The reimbursement rate for durable medical goods will drop starting Oct. 24  and the bulk of the cuts — to physicians, pharmacists and clinics — will begin Jan. 9, 2014, according to a document posted on the DHCS website on Wednesday.

“What we find interesting and disheartening is that pediatric dental services are not exempted [from the rate cut],” said Jenny Kattlove, director of Strategic Health Initiatives at The Children’s Partnership, a not-for-profit children’s advocacy group.

“The state was going to exempt most children’s services because it would impact access to care,” she said.
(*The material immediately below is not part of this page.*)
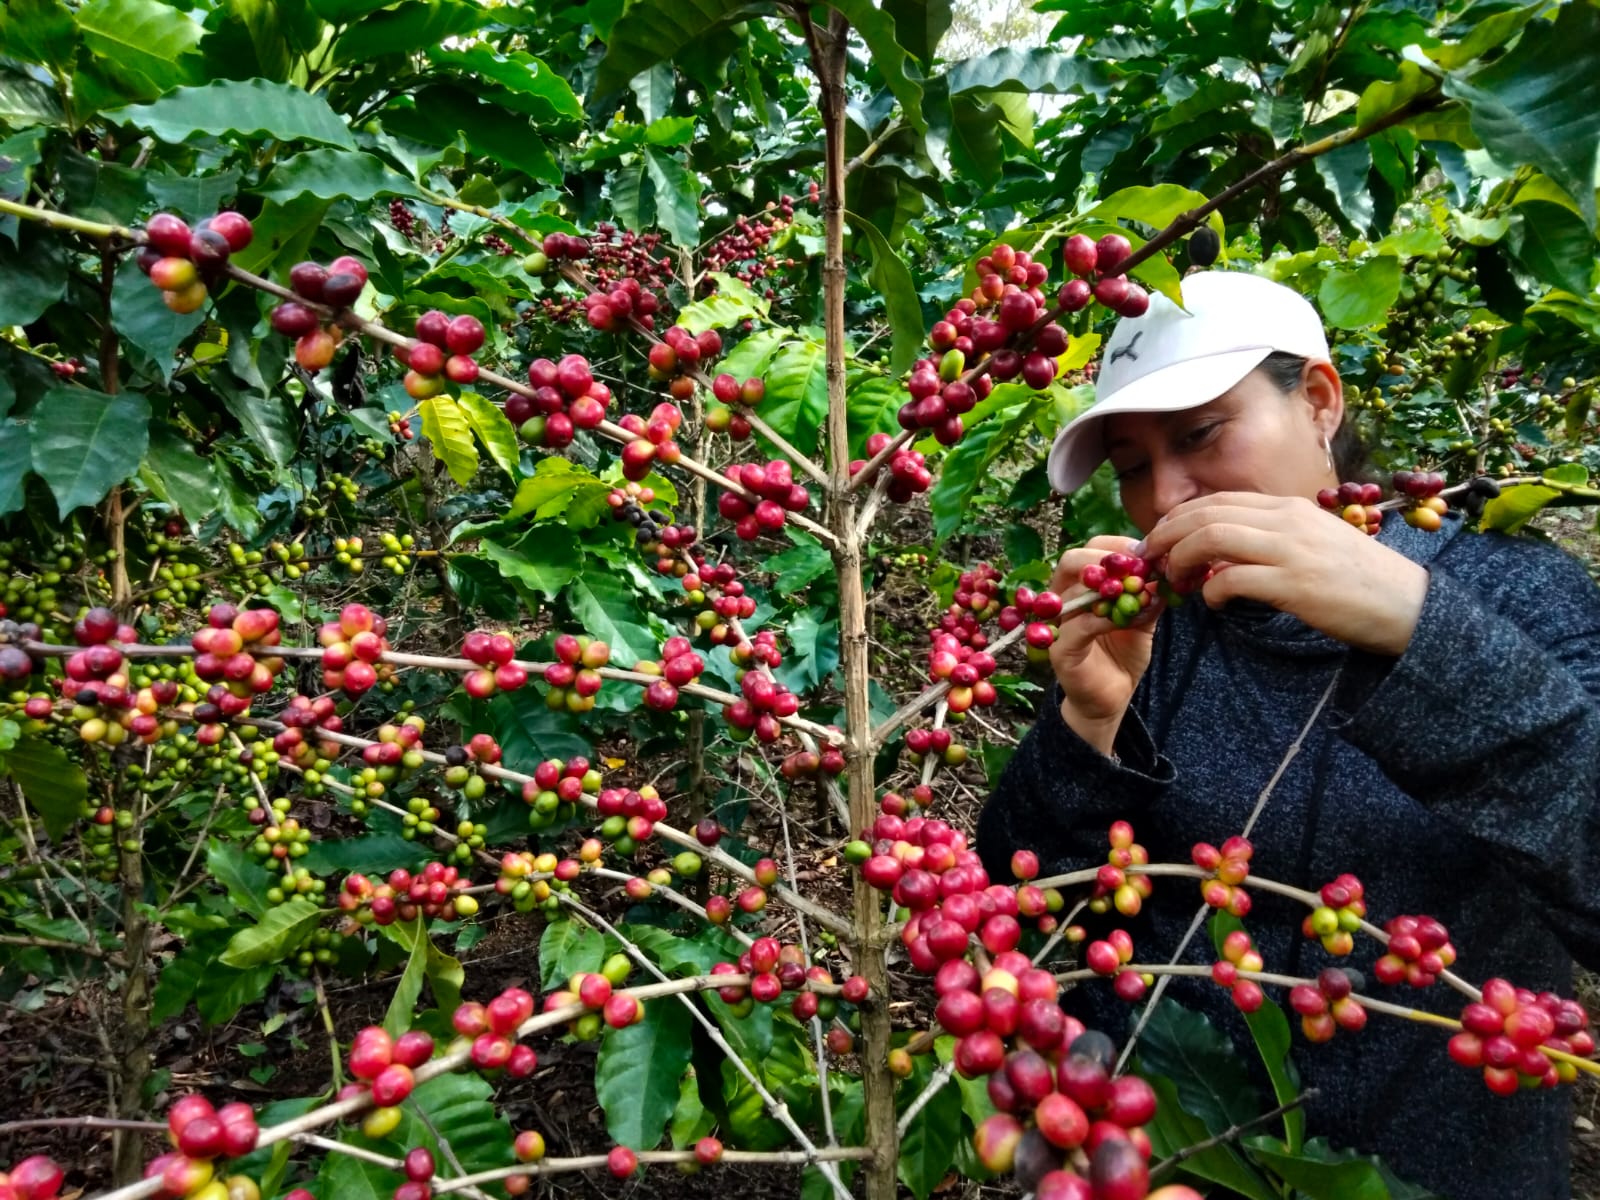 coffee tree with ripe cherries in Peru

The idea that children’s dental care is somehow different from that, she said, is ridiculous.

“That’s absolutely not the case,” Kattlove said. “Access will be affected because one of the top reasons dentists do not see pediatric patients is because of reimbursement rates.”

California already ranks among the bottom three states in the nation in Medi-Cal reimbursement rates — and that’s before this 10% cut, she said.  
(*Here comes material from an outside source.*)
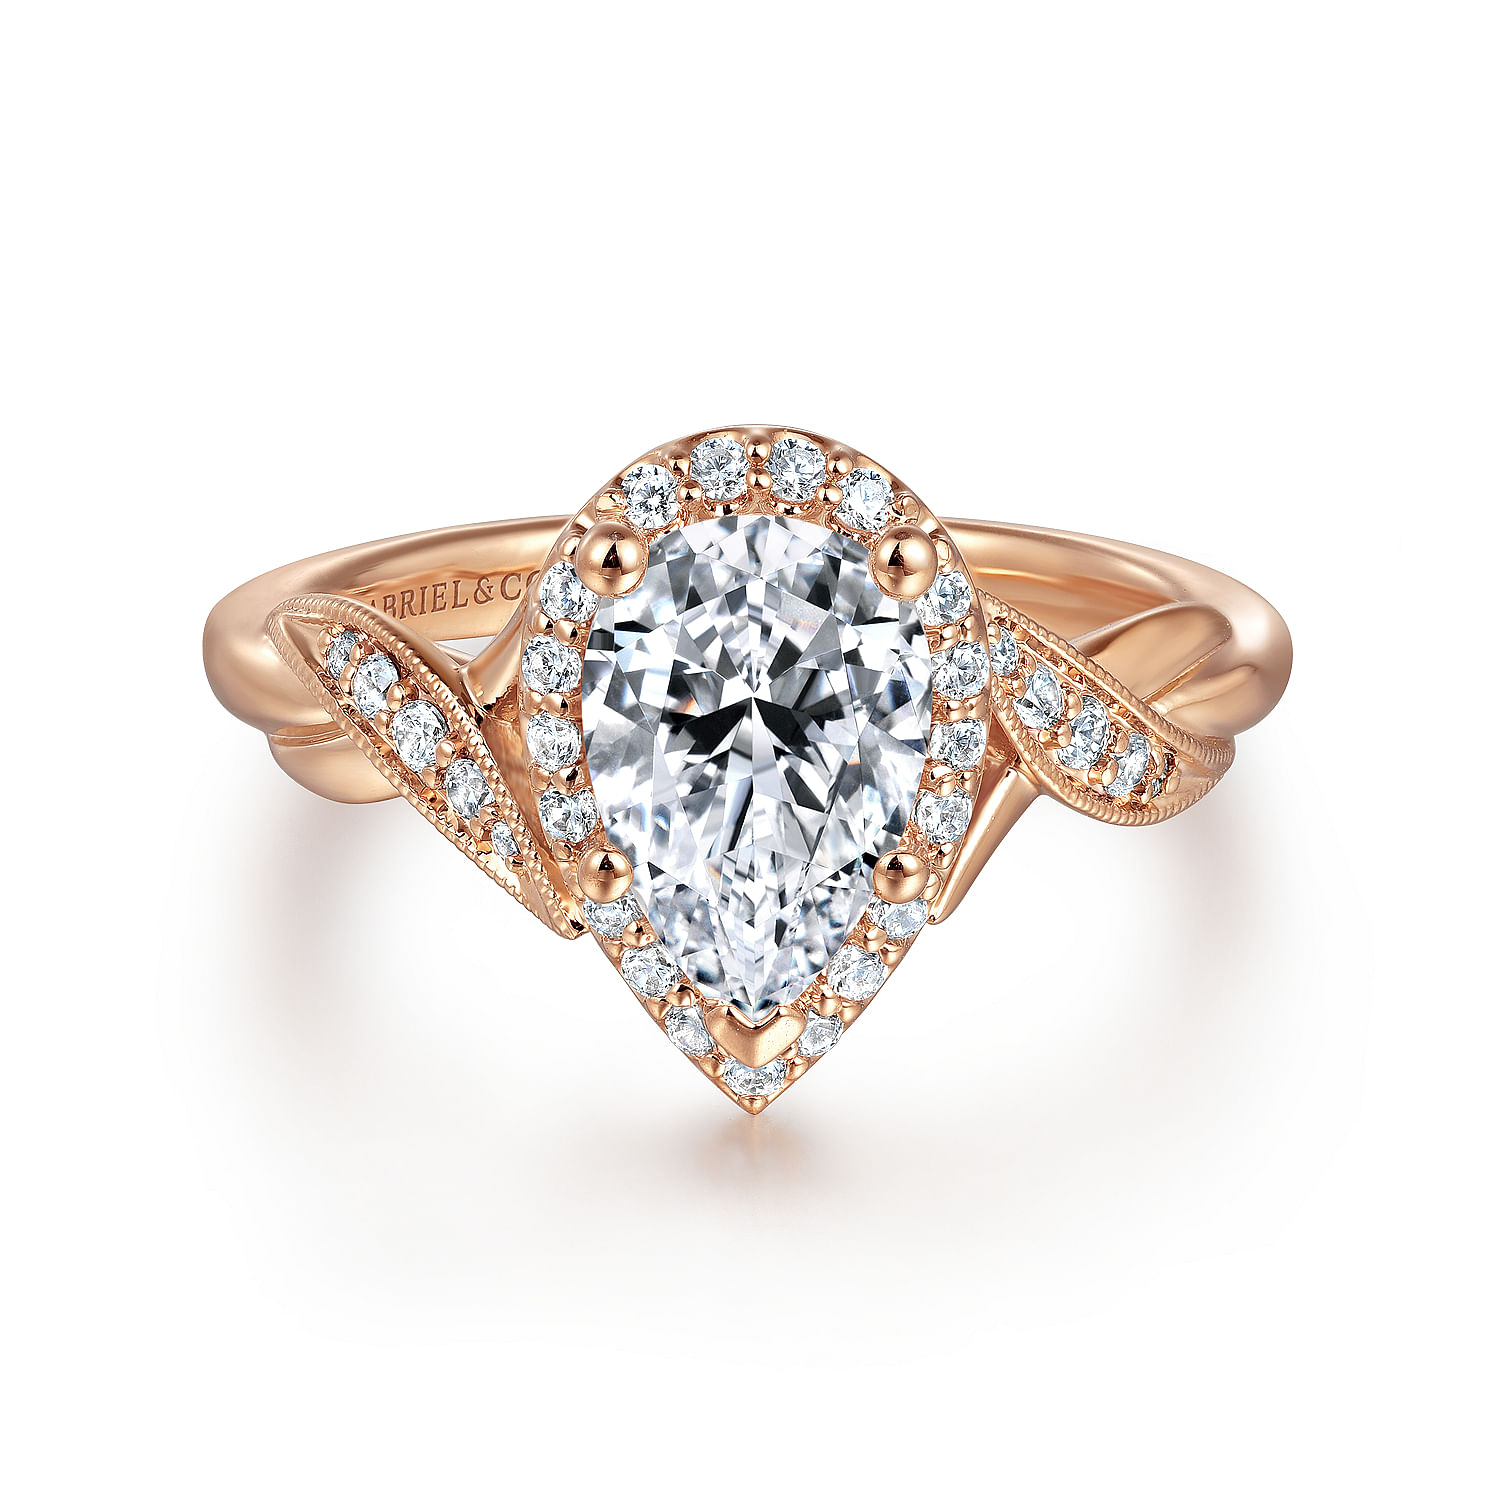 Shae - Vintage Inspired 14K Rose Gold Pear Shape Halo Diamond Engagement Ring

“This can only make it worse,” Kattlove said.

A written statement from DHCS said access to care likely will not be impacted, but if it is, the state’s monitoring plan should be able to correct any problems.

In addition, DHCS made exemptions for three specific groups: some not-for-profit dental pediatric surgery centers, distinct part Level B nursing facilities and certain prescription drugs used to treat serious conditions such as hemophilia or multiple sclerosis.
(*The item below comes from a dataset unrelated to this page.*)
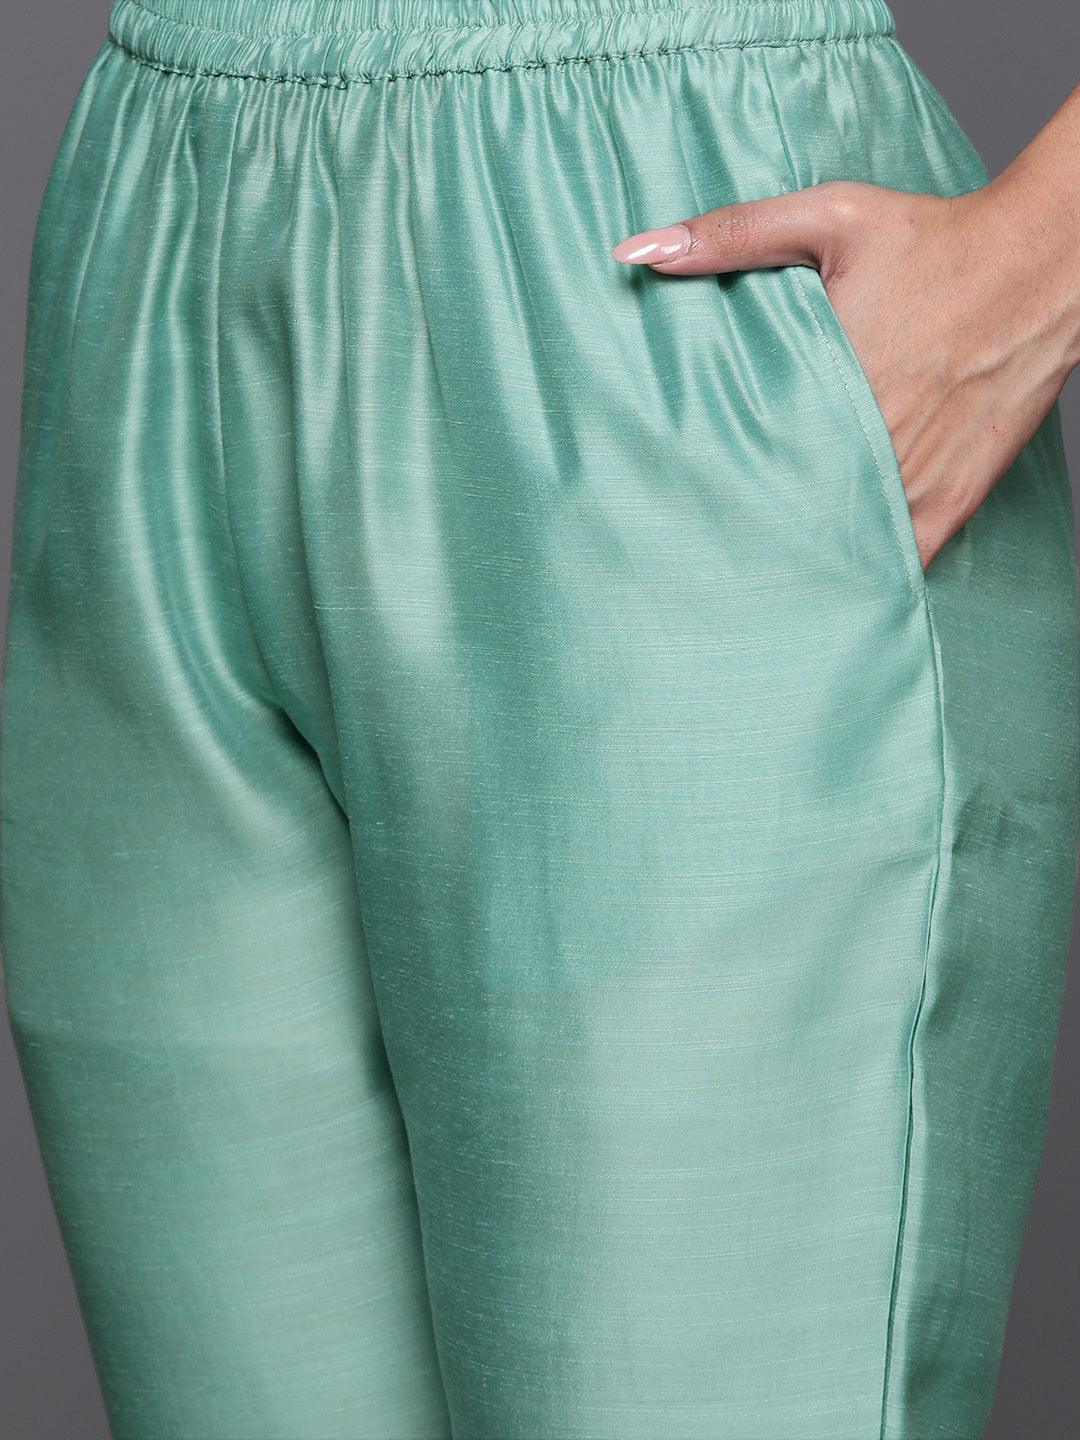 Sea Green Embroidered Chanderi Silk Straight Kurta With Trousers & Dupatta - Libas

“The exemptions were made to preserve access for our Medi-Cal members,” said a statement from Norman Williams, deputy director of public affairs for DHCS. “We have authority to make the exemptions because state law grants the authority to the department to determine if the reductions comply with federal law.  In approving the payment reductions, the federal government also required and approved an access-monitoring plan that ensures that we sustain sufficient access for our Medi-Cal members. In the case of these rural [distinct part nursing] facilities, pediatric dental care and prescription drugs, we have determined that an exemption was necessary in order to protect access to care as required by the federal government.”

Kattlove said pediatric dentists have endured the low rates out of a sense of duty to low-income Medi-Cal children. “Anecdotally, I have heard dentists see these patients, in a sense, like it’s pro bono work,” Kattlove said.

She worried the new cut, ordered by the state Legislature and approved by the governor in 2011 then held in limbo by court action until now, will be the last straw for providers.

“In terms of pediatric dentists, I suspect they’ll stop taking children in Medi-Cal,” Kattlove said. “That’s on top of having so many more children and adults enrolled [in Medi-Cal], there will such a great demand there. It will just be a bigger mismatch between medical providers and patients.”